A friend and I were having lunch the other day and regaling over the times in our lives we had been lost in a state of denial. More succinctly, we were lamenting over the consequences. We each agreed that we had learned a great deal from those experiences but wondered at human frailty. As I left the luncheon, I had to admit there are simply times in life when we, as humans, talk ourselves out of what our gut is trying to tell us. What keeps us so stubbornly locked into our perspective, even when doing so can hurt us or others?
I really began thinking about the times I have been in denial. I had to admit at those times I was simply, at some level, being dishonest with myself. As I look back, part of the denial was a blindfold made from hope. I always hoped for the best, even when I was making the worst decisions. I somehow thought that if I did things the same way I had always done things, I would find my way out of the mess I found myself in. Benjamin Franklin is attributed for giving insanity this definition. And “insane” I have been at times in my life. I have to admit that my own moments of denial have taken me into a mental maze…a maze of my own making. The walls of my maze were built of misperceptions, misconceptions, and rules that simply were outdated and inappropriate, leading me to feelings of disenchantment and defeat. Things only changed for me when I decided the truth was safer than the denial.

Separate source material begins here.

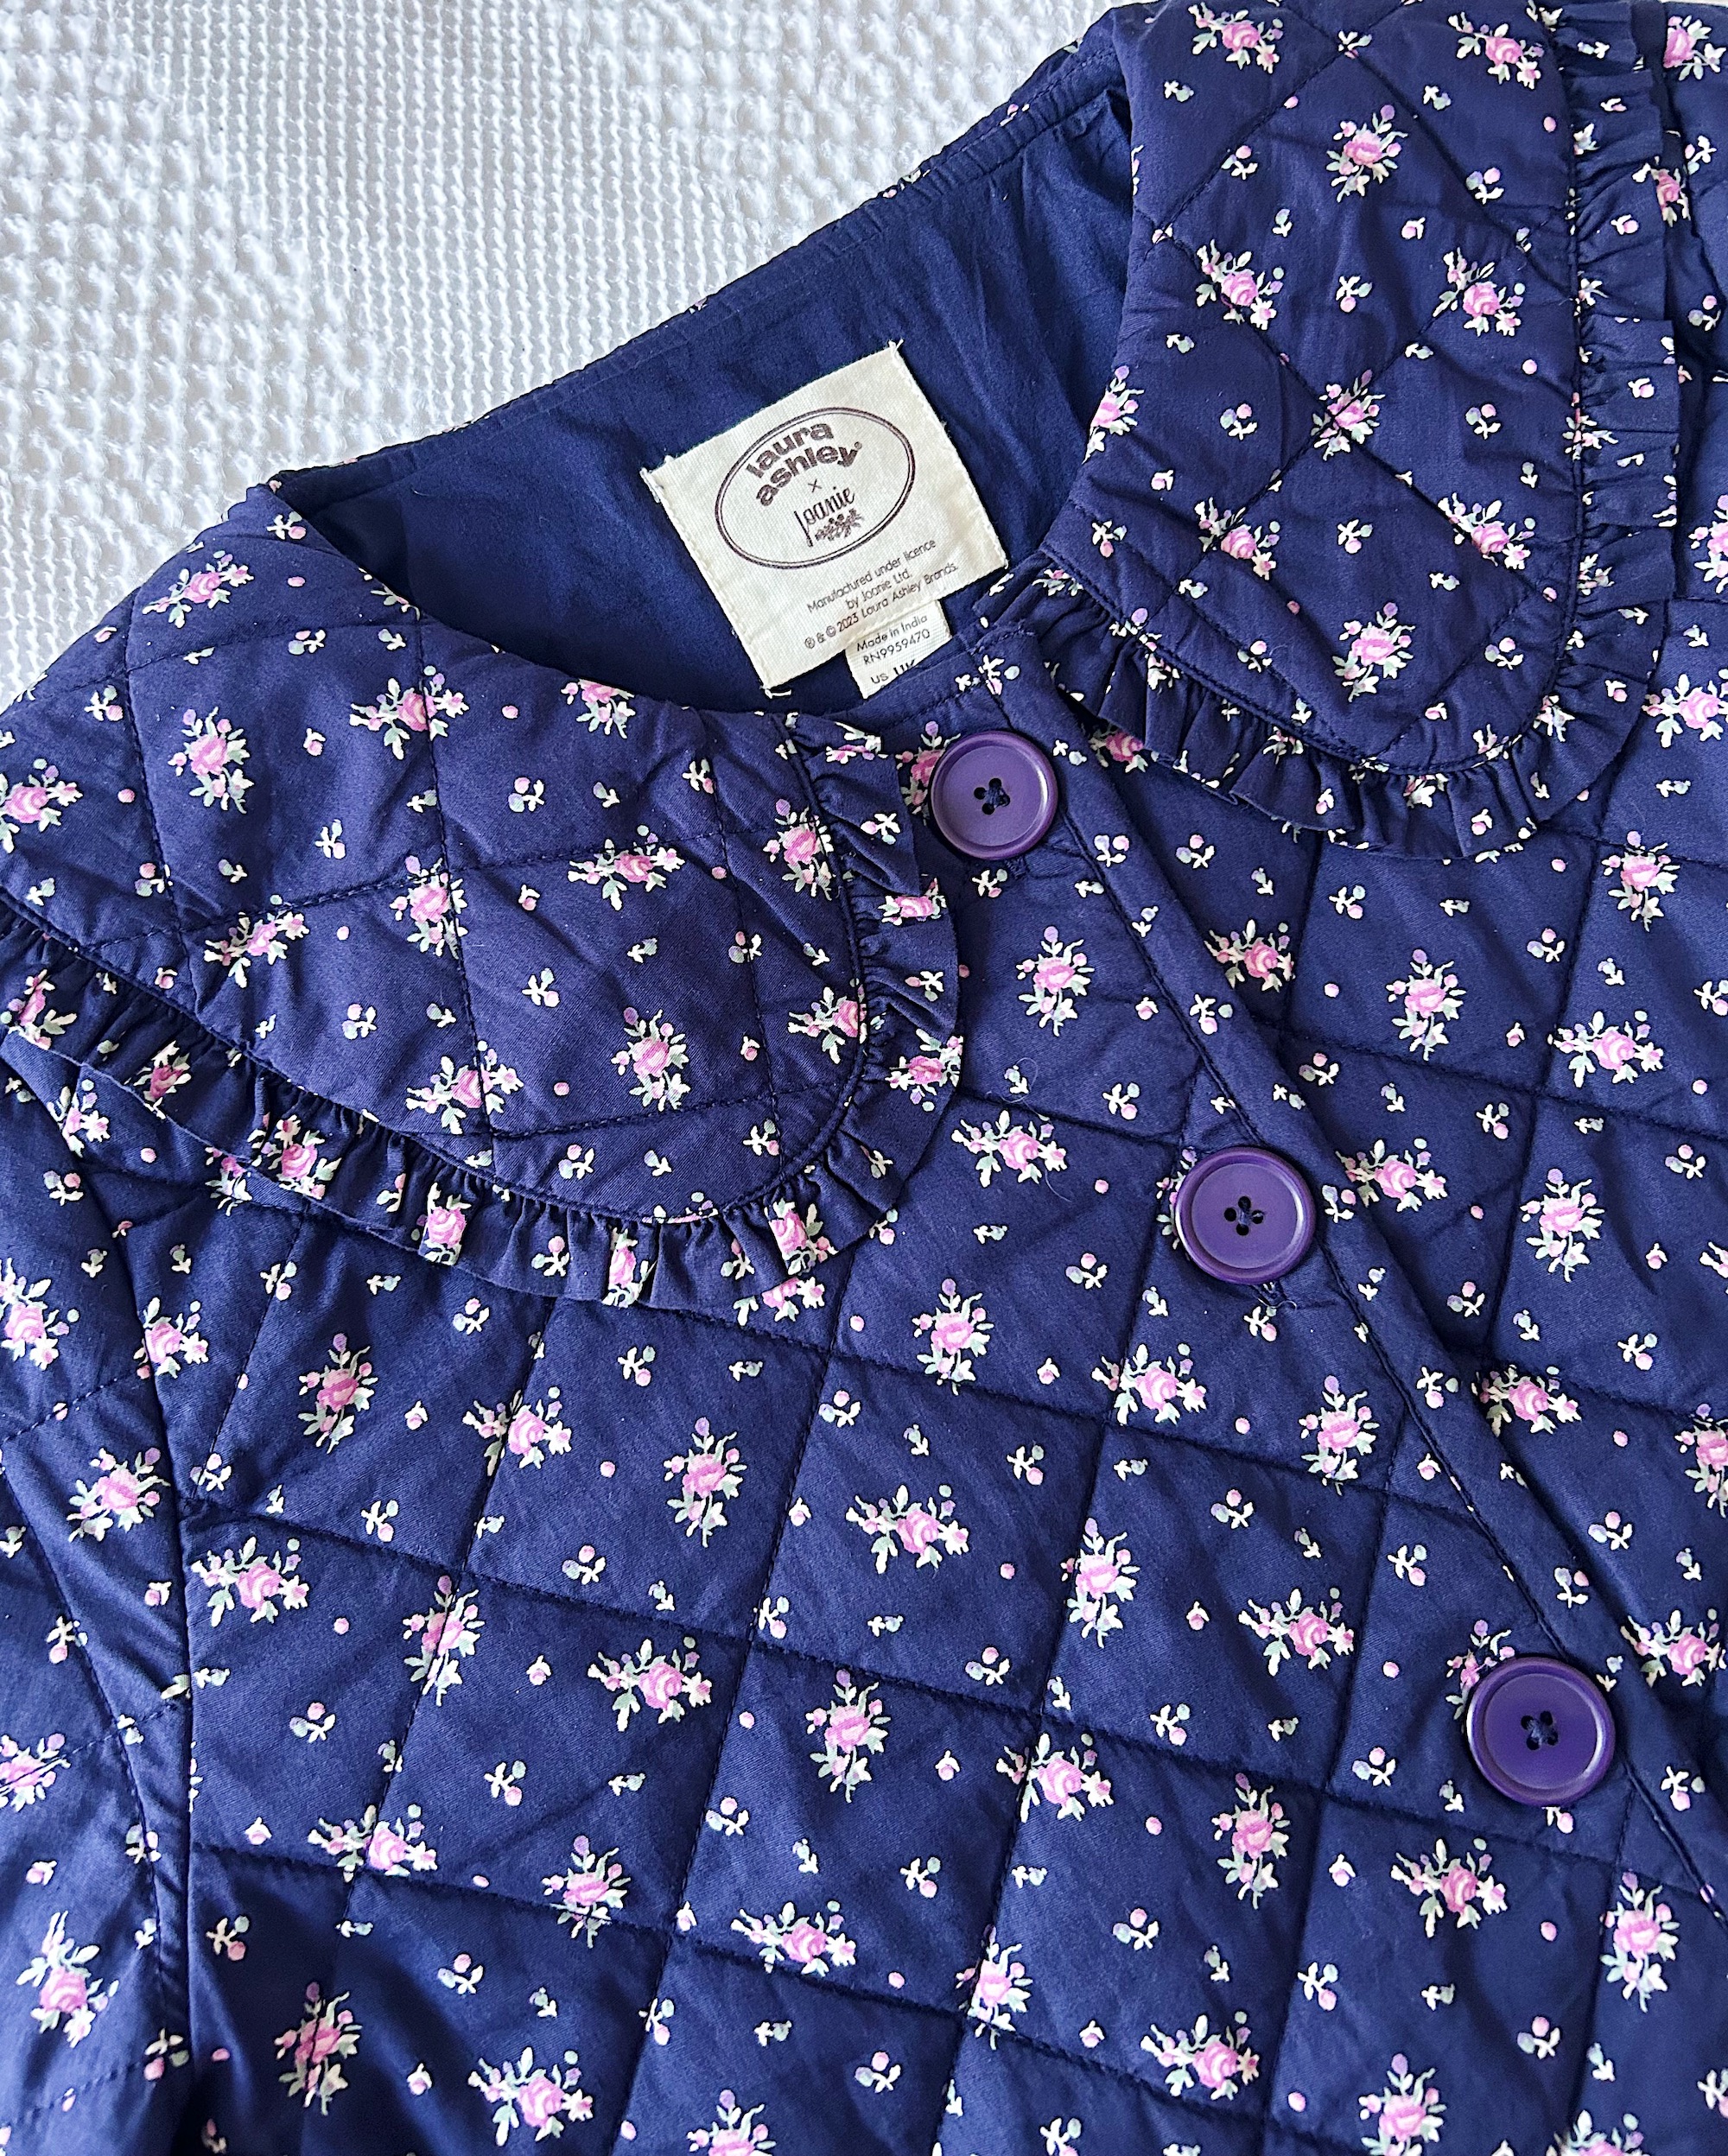 Laura Ashley x Joanie Elin Navy Ditsy Floral Quilted Jacket Review

So, I became the foreman of my own mental wrecking crew! BUT…I also learned the value of being kind to myself. There is a great deal to be gained in personal compassion, it leaks out to others! I think denial is built on false principles…lots of misinformation piled high that hangs around in our subconscious. Its voice speaks to us loudly, especially when we are aimed at something we thing we must have, must do. Remember that maze I built? I got out my shears and trimmed it down to nothing. I am moving cautiously forward these days. And just in case, I am keeping my shears nearby in case another denial starts growing up around me.